The U.S. Department of the Interior’s National Park Service again blasted redevelopment plans for the former Odette’s site in New Hope in a Feb. 16 letter to property owners and the P.A. Department of Conservation and Natural Resources (DCNR).
The U.S. Department of Interior division initially slammed the proposed redevelopment in October 2015 after reviewing the project at the request of the DCNR.
DCNR is working with developer Gateway to New Hope, LLC, because DCNR owns the land surrounding the Odette’s structures.
Gateway to New Hope has sought since April 2014 to tear down the historic Odette’s tavern to make way for a boutique conference center, an action the U.S. National Park Service said in an October 2015 letter represents a “serious threat to the character and integrity of the Delaware Canal.”
The Delaware Canal was identified as a National Historic Landmark in 1976, and it’s the job of the National Park Service to work with landmark owners to ensure their property’s continued historic status.
They said last October that the Odette’s building “retains integrity and is not diminished by the subsequent 20th century additions.”
The National Park Service’s latest letter follows an inspection by that group of the Odette’s site on Jan. 15, 2016. Some of their observations: “The team was generally impressed by the condition of the 1780s core building,” and “The building retains both structural and design integrity.”
The Park Service went on to recommend three possible scenarios to mitigate what they consider to be potential harm to historic resources and the state park by the proposed development.
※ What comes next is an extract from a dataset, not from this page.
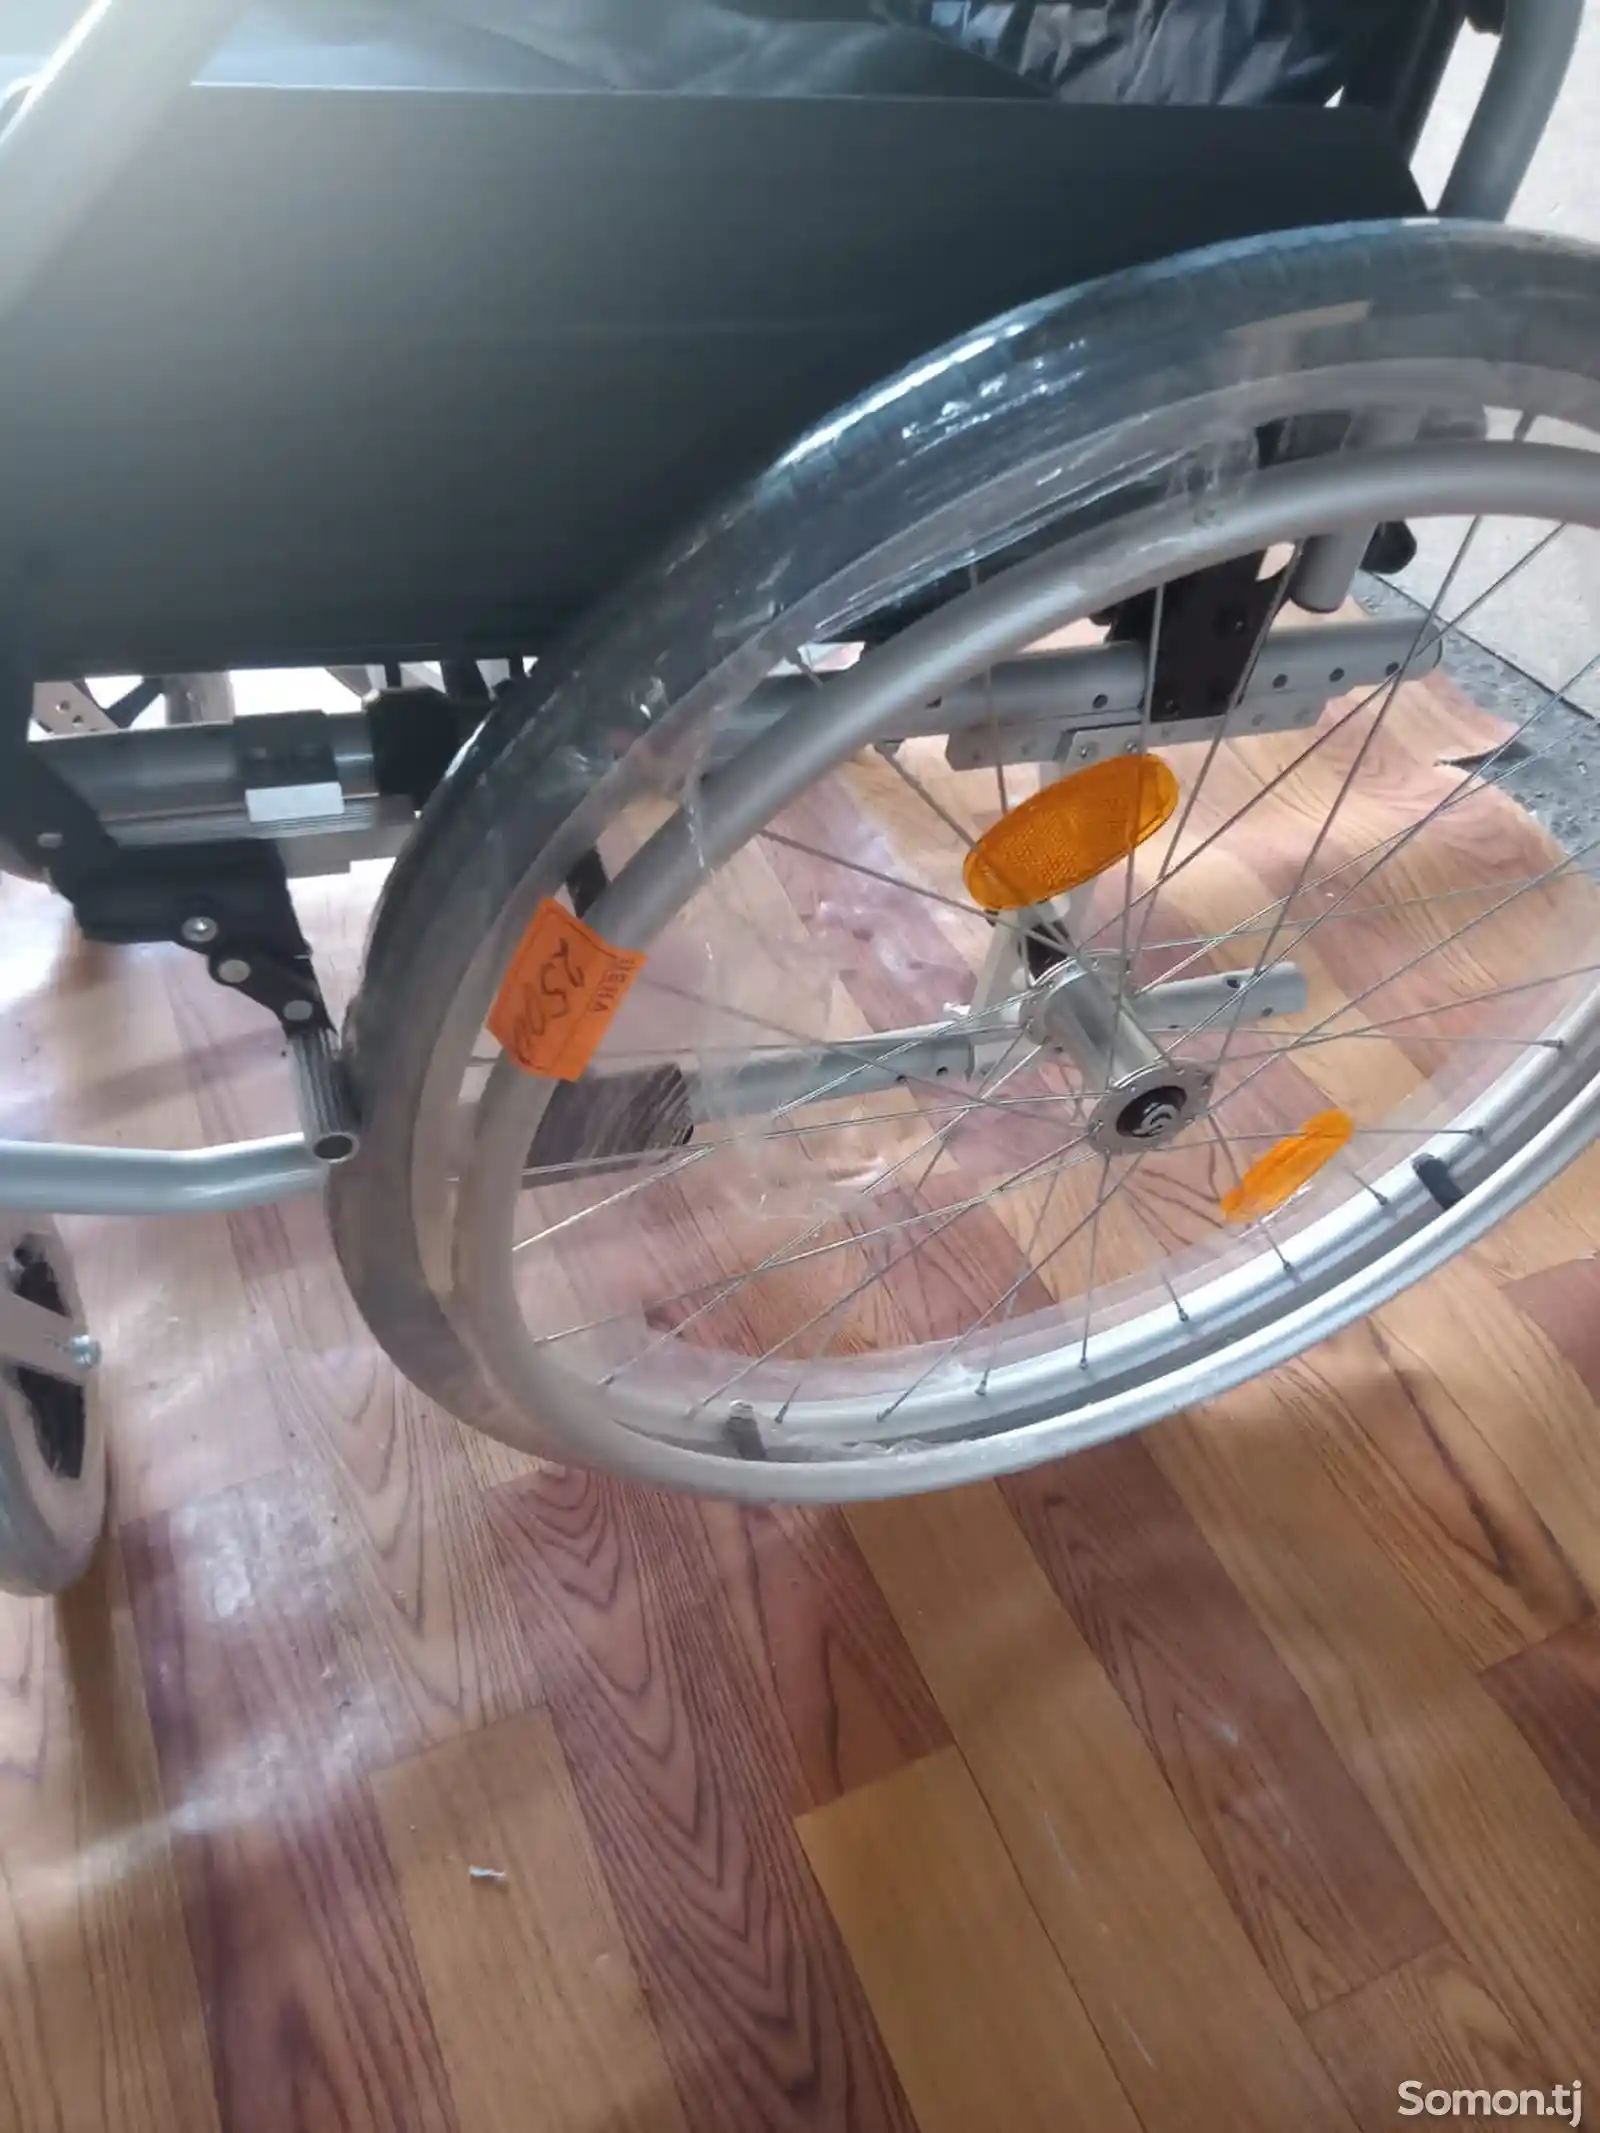 Детская инвалидная коляска-15

The last scenario, which seems least desirable from a historic preservation viewpoint, is “relocation of the building to another site.”
Gateway to New Hope and the DCNR have latched onto this last option, according to a source close to the situation, and want to move the historic 1784 tavern from the its current location astride the Delaware Canal to a rest area for park visitors at 145 S. Main Street where DCNR officials had previously announced they were constructing new offices.
The proposed arrangement would save some of the original historic tavern, but removing it from the section of canal where it originally functioned and where it also served as a nationally-acclaimed restaurant/cabaret/bar will obscure the historic context of the structure, say critics.
While relocation of the building to another site, “may be feasible,” according the National Park Service in its Feb. 16 letter, “We doubt that it will remain a contributing structure of the National Historic Landmark. It would obviously lose all relationship to its historic setting.”
Concludes the letter, “We continue to maintain that the development that is planned for this location will be harmful to the historic resources and the state park.”
Other options suggested by the U.S. National Park Service were “Retention of the building in place with no new construction to the south and relocation of the new construction to the north of the building,” and “Retention of the building on site but moved 40 to 60 feet directly south on the island.”